Mannmannmann, ist das ‘ne geile Sache! Wär ich nicht so sozial eingestellt, hätte ich meine Kollegen heute abend alleine Starcraft zocken lassen und mir lieber SMB reingezogen. 8)
Das Spiel ist so interessant wie mit abgekauten Fingernägeln versuchen Nasenhaare auszureisen. 500 mal lang ich daneben um mich beim 501. Versuch dann zu freuen das ich es doch geschafft habe.
Toller Beitrag. Ich mag euren Blog ^^ lese ihn schon länger und regelmäßig ^^
Danke für das Kompliment, Pascal! Schade, dass wir es nicht zurückgeben können… ;D :P
Ich habe mich sehr amüsiert bei dem lesen dieses Artikels. Haha. Ich lache immer noch. Weiter machen.
Werde mir die Intro-Ideee für meinen Brotherhood-Artikel klauen. Desynchronized, Desynchronized, Desynchronized,Desynchronized, Desynchronized… aargh.
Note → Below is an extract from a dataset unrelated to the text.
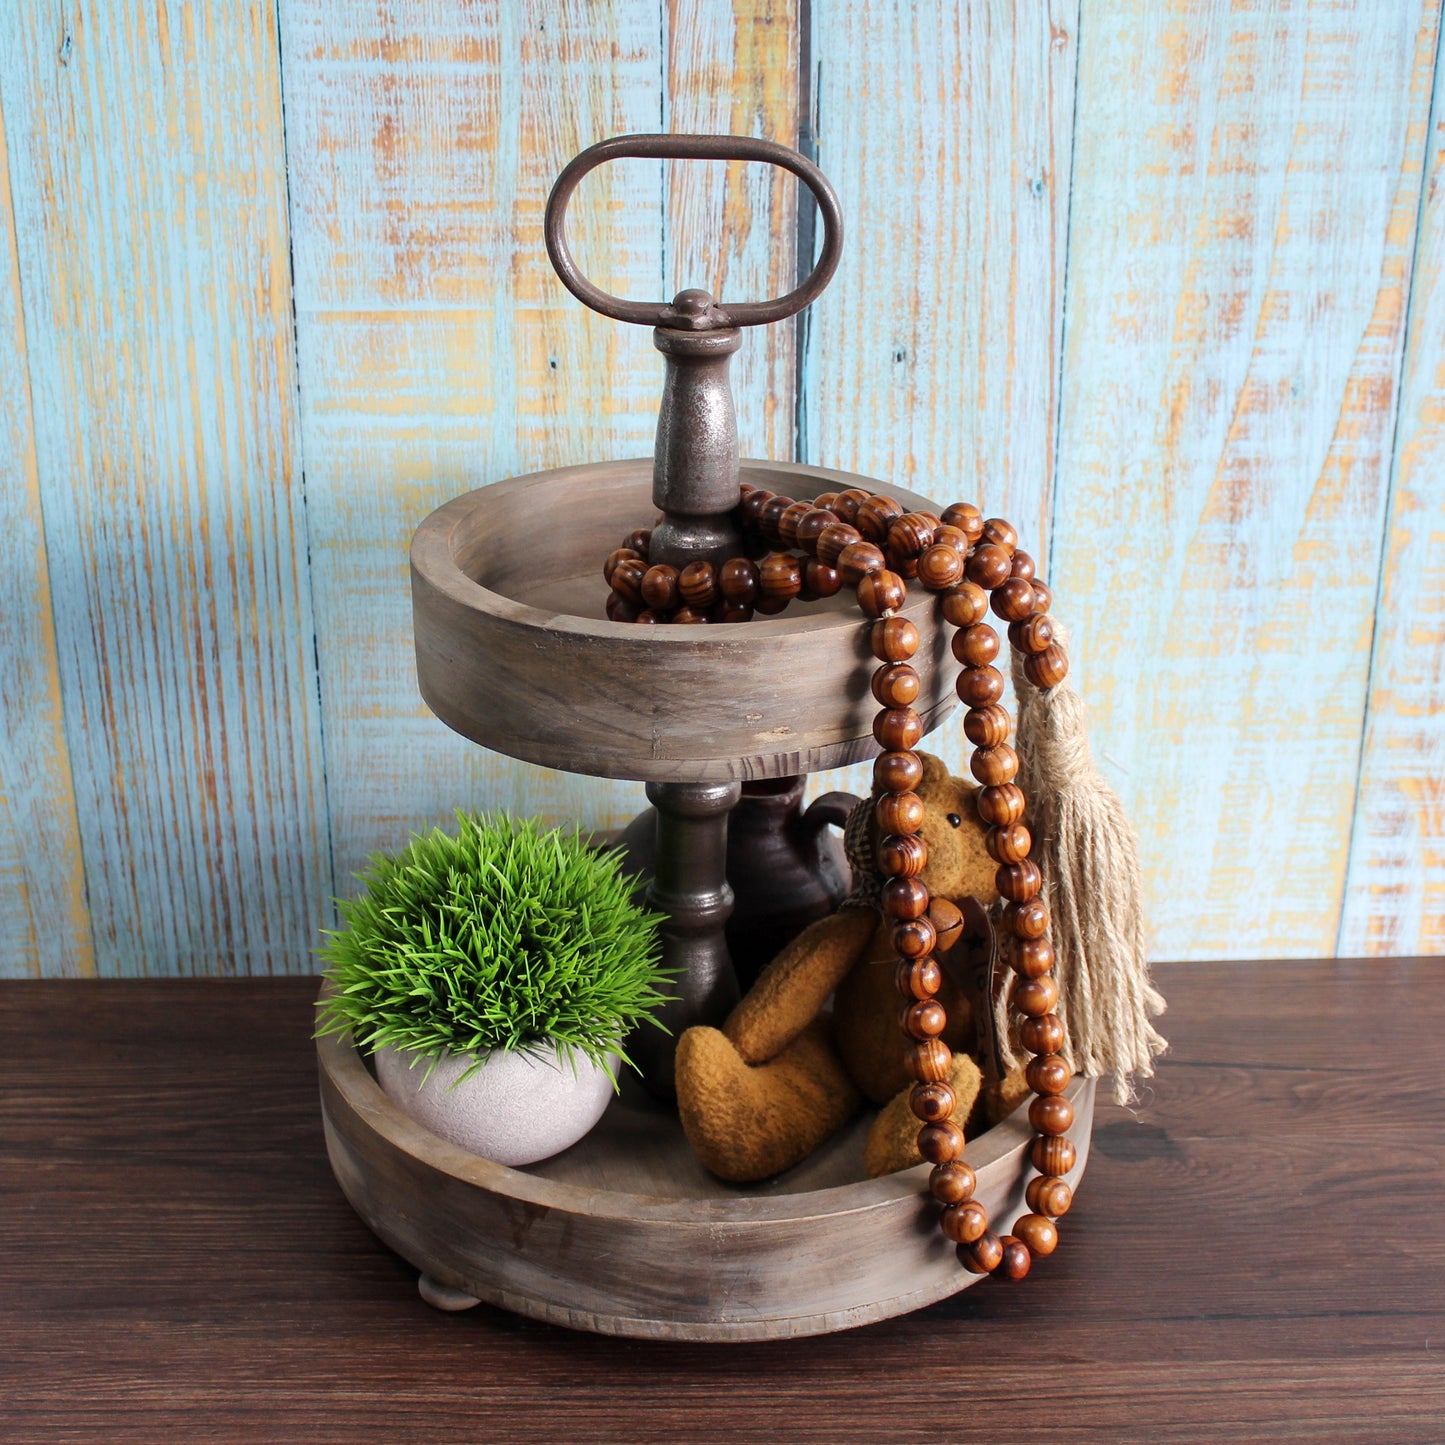 CVHOMEDECO. Wood Grain Beads Garland with Tassels Farmhouse Rustic Wooden Prayer Bead String Wall Hanging Accent for Home Festival Decor. Dark Brown

Bin bei Super Meat Boy hin und her gerissen. Erstens bin ich in der Demo schon nicht sehr weit gekommen und zweitens gibt es das Spiel doch als Flashversion gratis, oder unterscheidet sich das großartig? Ich hab hier gerade 4600 Points liegen und weiß einfach nicht, wofür ich die ausgeben soll. Alles, was sich nett anhört, verliert schon in der Demo seinen Reiz. Kann Shadow Complex 2 bitte endlich mal kommen?
Soweit ich weiß, sind zwischen Flash- und XBLA-Version nur die Grundidee identisch. Level, Musik, Steuerung (Gamepad>Tastatur) sind alle anders.
Wer allerdings nicht mit ein wenig Frust umgehen kann und schon bei der Demo keine Lust mehr hat, der sollte sich SMB nicht kaufen. Dem helfen die vielen Hundert folgenden Level auch nicht und somit ist es rausgeschmissenes Geld.